I read this paragraph of hope from William Styron’s book Darkness Visible over and over again when I’ve hit a debilitating episode of depression and am back fighting for my life:
If depression had no termination, then suicide would, indeed, be the only remedy. But one need not sound the false or inspirational note to stress the truth that depression is not the soul’s annihilation; men and women who have recovered from the disease — and they are countless — bear witness to what is probably its only saving grace: It is conquerable.
It is conquerable.
We must believe that.
Join Project Beyond Blue, the new depression community.
Photo credit: Vinson Motas/Getty Images
Published originally on Sanity Break.
Thsnk u for writing ,this was not only validating but helped make sense of my struggle.
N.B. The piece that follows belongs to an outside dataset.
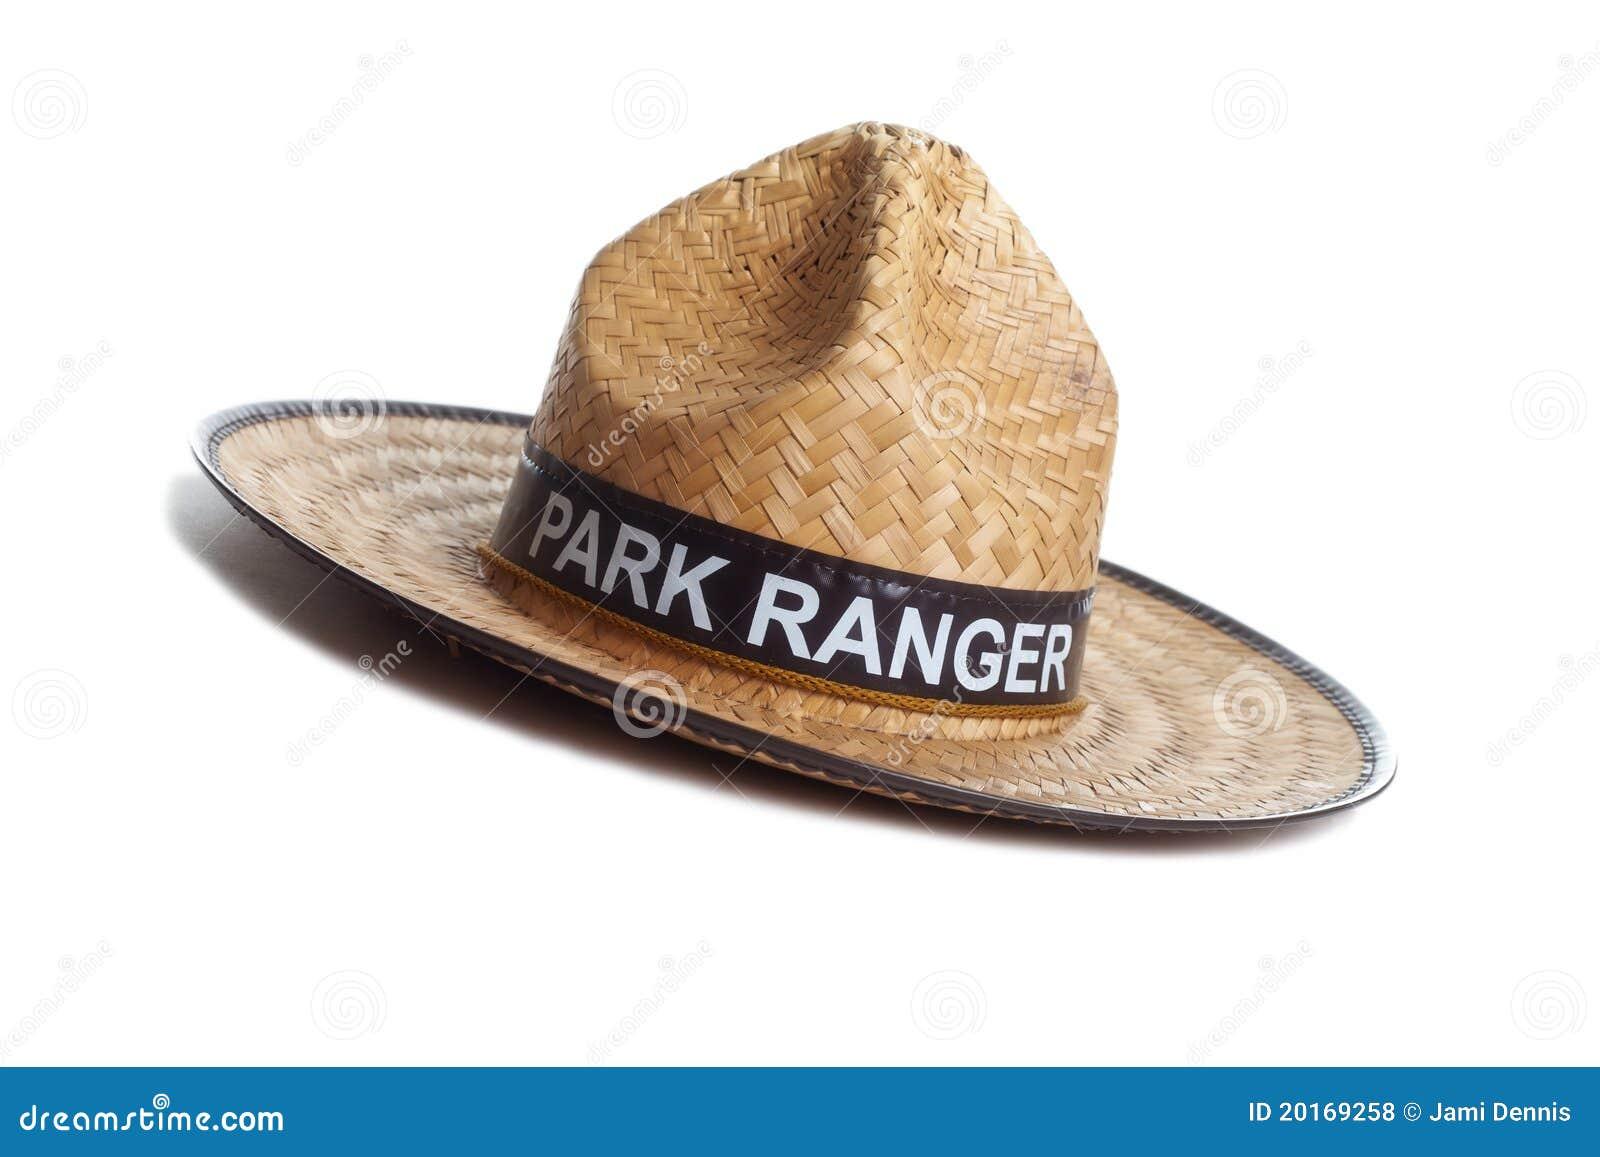 Cappello Forestale Immagine Fotografia Del Sosta Stock Guardia Di sdQtrCh

Thank you so much for sharing this post—–I love the part where you say this disease IS conquerable—–I am going through such hard times now. Do others find that the older you get the harder it seems to believe you can overcome? I am approaching 65 and have been dealing with depression for almost all of my life. I think it actually began at the age of 3 when I was in a car accident that took the life of my 9 year old sister and another close family friend. Lived through the next 16 years of physical and mental abuse. Life has been so very difficult. I feel so tired—so very very tired. I look at the books you have listed and wonder—–could I possible change the way I think at this age? Thanks for the beautiful picture, too—–and the sharing which reminds me that there are others out there who face the hour to hour struggle. Blessings to you for your commitment to this community!!
Thank you, for a profoundly helpful piece. I often refer to depression as the cruelest disease.
This, because it attacks the very heart of our ability to respond to life. No other disease can claim this dark truth. Whether my own depression or that of my patients, it is always this aspect that is most painfully visible. Knowledge is power. Simply knowing these things can help us gain that higher perspective. “I have this illness, but it is not me”.
Thank you for this blog Therese and I am so sorry for your loss. At the moment I feel that I am grieving for the woman who used to live in my skin. It’s a Saturday afternoon and I am alone in my flat with no-one and no plans. She would have a list of things that she wanted to accomplish today, she would be busy and productive and industrious. But she is as good as dead when depression takes over and isolation overrides creativity, hoplessness supersedes hope. The suicide statistics have not changed but nevertheless it still feels like someone has died. This is a terrible and debilitating disease that steals from us at a fundamental the worthwhile things that make us who we are and who we want to be. It Iis not something we can simply wake up one morning and decide not to be afflicted with.
Gilly, I feel the same way. I will have one of those “Memories from ____ years ago” on my FB feed and I will be asking myself—-“who was that they are talking about? I can’t relate to myself which is just such a bizarre thing to me. Has depression, anxiety had this much of a toll on me?